Один Митька грустил и молча сидел в сторонке. Но дальние сопки, подернутые синим туманом, холодная, темная река, воздух свежий манили и его, растревожили душу. Так бы и ушел, не дожидаясь вертолета, к далеким угодьям, где все знакомо, все обжито и пройдено не раз. Где деревья и те, казалось, ждут встречи с ним, затосковав перед зимой, заломив голые ветви к высокому небу. И не трогали его мужики, не подшучивали, как водится, словно почуяв в нем грустинку некстатную, боль нежданную...
А Любка медленно шла сейчас по лесу, прислушиваясь к тому, как журчат под ногами уже прихваченные морозом листья, как громко отзывается холодная земля под каждым ее шагом. Шла она тихо, изредка разводя руками ветви, и кедровочка, уютно устроившись на сухой листвянке, прижмурив один глаз, проводила вторым Любку до поворота и бойко засновала по лесине.
Выйдя к излучине реки, Любка остановилась и невольно залюбовалась простором, который открылся ей. На многие километры раскинулась пойма величавой реки, а там, в конце светло-желтой поймы, стояли еще более величественные горы, вершинами утонувшие в облаках. В сизых, темных распадках клубился туман, а по высоким увалам искрился и серебром отливал никем не тронутый снег. И так поманили эти просторы Любку, так всколыхнули ее, что она сделала шаг, другой и обмерла, застыла на краю крутого откоса, густо набитого огромными валунами и скалами. Холодно и таинственно лежала внизу река, изредка принимая в себя скатывающиеся камни и смывая с высокого берега паводковый плавник.
Завороженная, напуганная, Любка отступила, но что-то звало ее вперед, и она опять шагнула к пропасти, чувствуя, как замирает сердце и пьяно кружится голова. И в то же время ей казалось, что так просто сделать еще один шаг.

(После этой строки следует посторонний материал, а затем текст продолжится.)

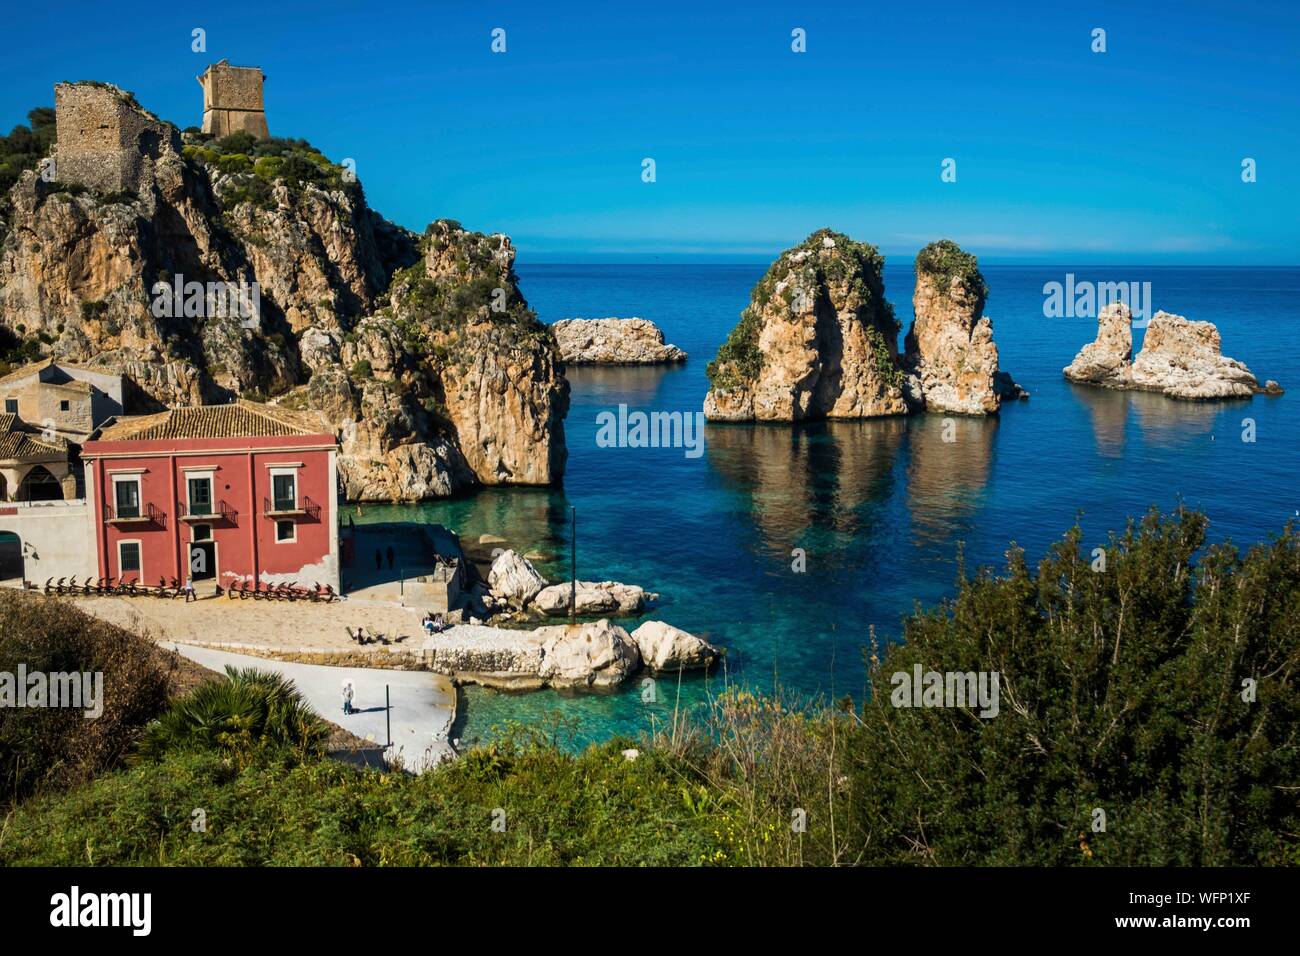 L'Italia, sicilia, Scopello, tonnara o fortificato medievale edificio precedentemente utilizzati per la pesca del tonno Foto Stock
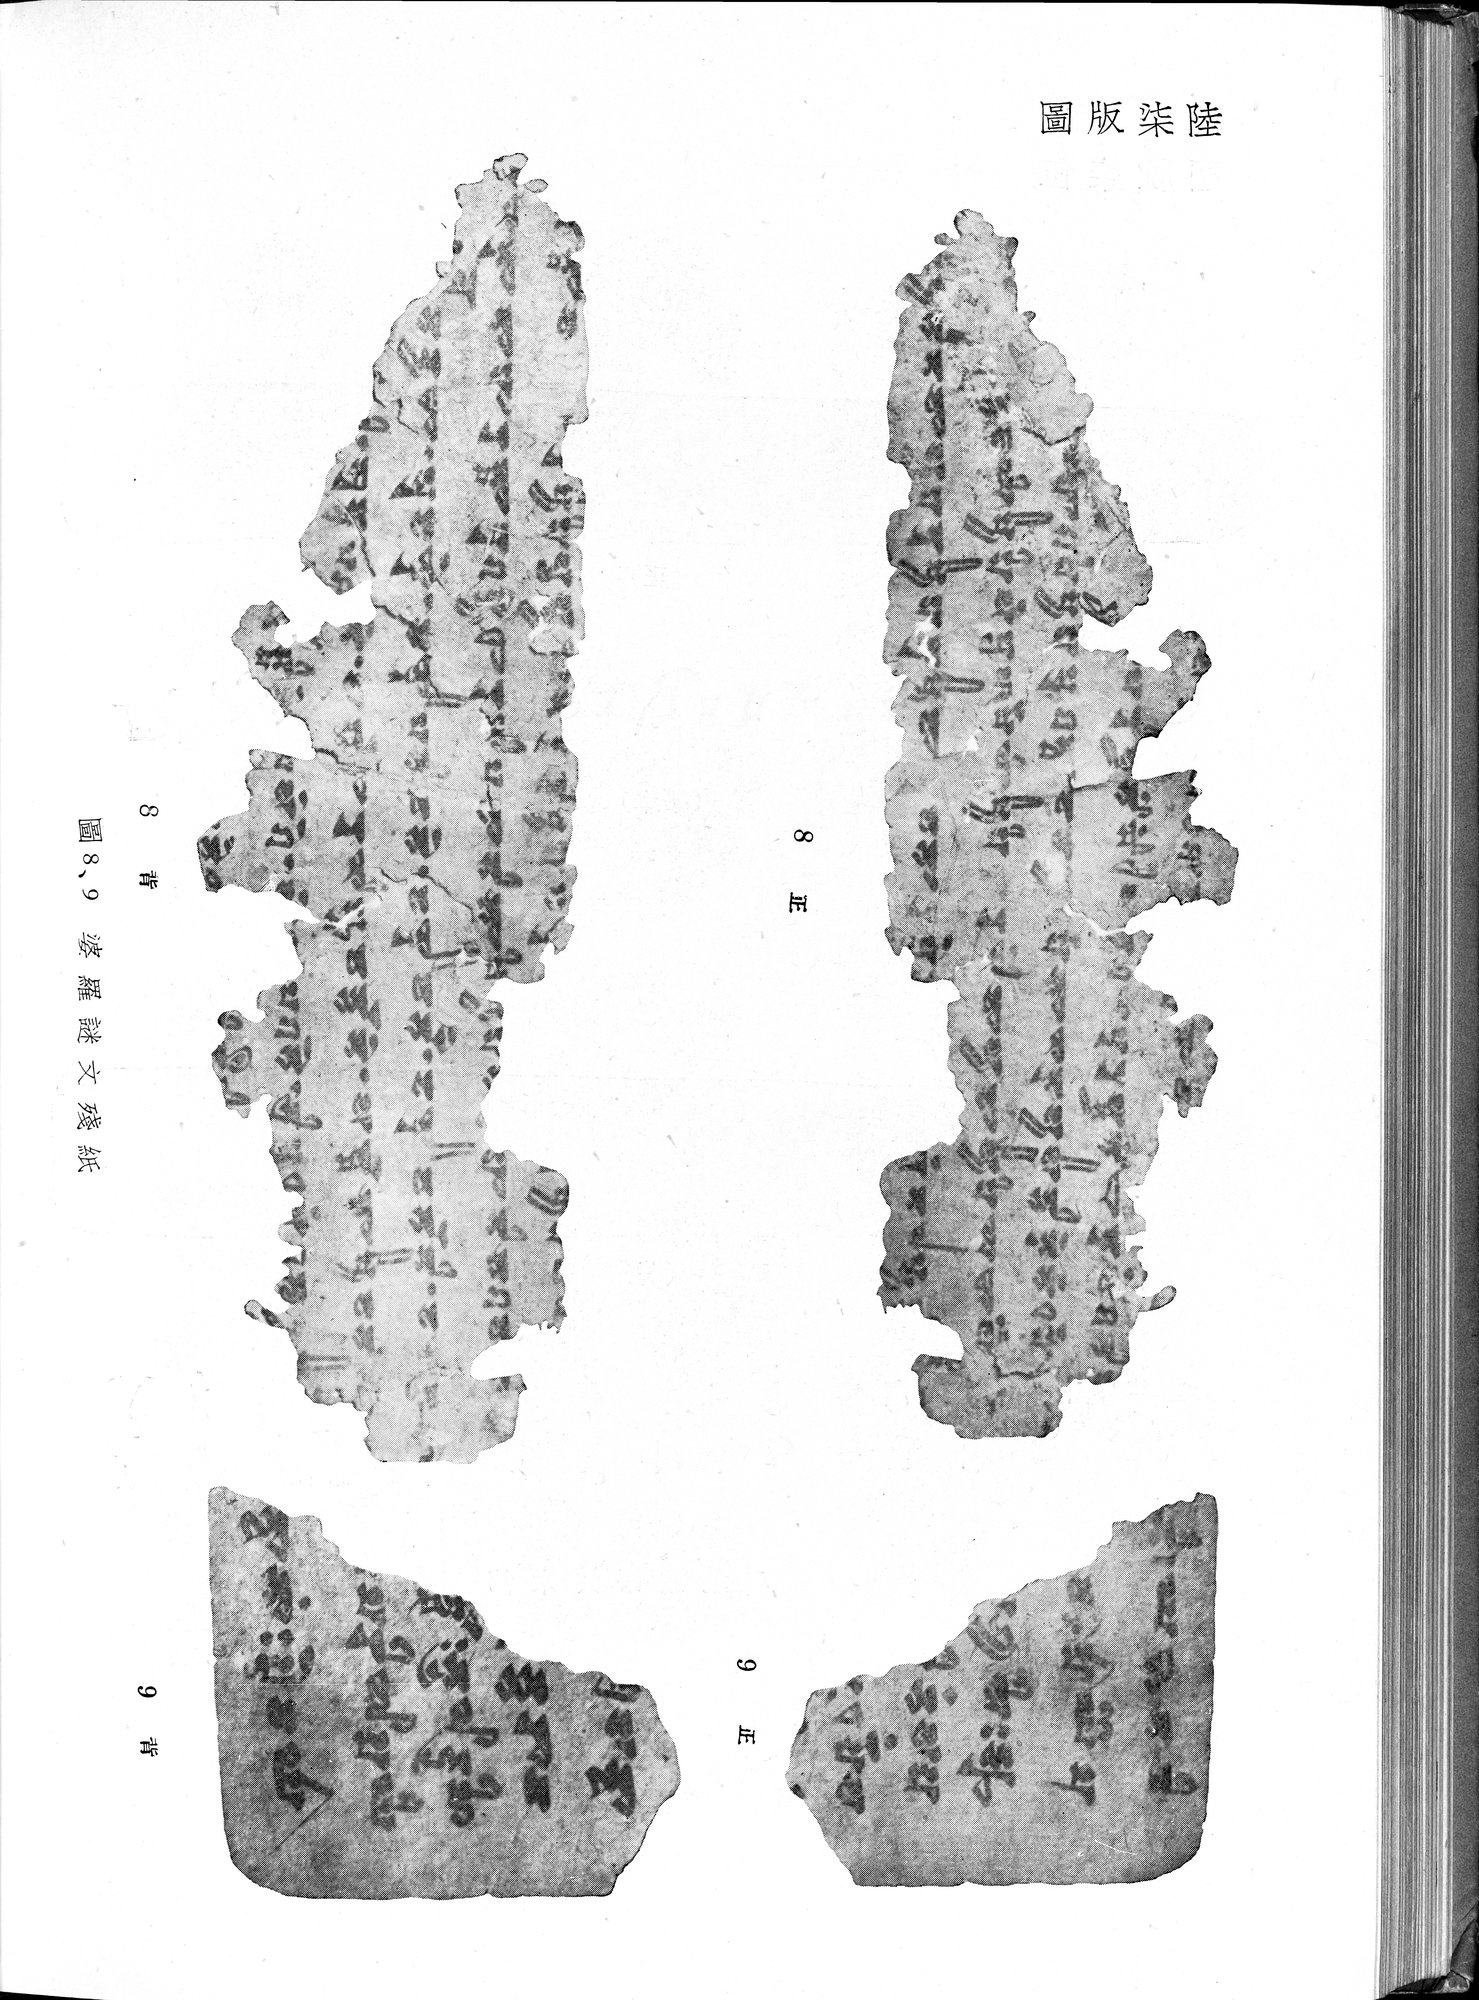 塔里木盆地考古記 : vol.1 / Page 310 (Grayscale High Resolution Image)

И опять она брела по засыпающему лесу. А выйдя из него, с тихим изумлением остановилась, словно впервые увидев поселок. Ровные столбы дыма вставали над домами, лениво и вразнобой брехали собаки, увязываясь за своими хозяевами. У промхозовской конторы собрался народ, беспрерывно хлопала дверь в магазине. Вначале ничего не поняв, удивившись необычному оживлению, Любка неожиданно вспомнила, что сегодня улетают промысловики. Вспомнила равнодушно, как о деле, совершенно не касающемся ее. Но тут же всплыло перед глазами Митькино лицо, грустное, растерянное, чего-то ждущее от нее. И пожалела вдруг Митьку жалостью, какой раньше не испытывала, пожалела как человека, прихваченного неизлечимым недугом. И совестно одновременно перед ним стало, так совестно, что Любка зажмурилась. Будь он понастырней да позлее, Любка бы и думать о нем не стала, и сегодня, как празднику, радовалась бы его отъезду. Но праздника она в себе не ощущала...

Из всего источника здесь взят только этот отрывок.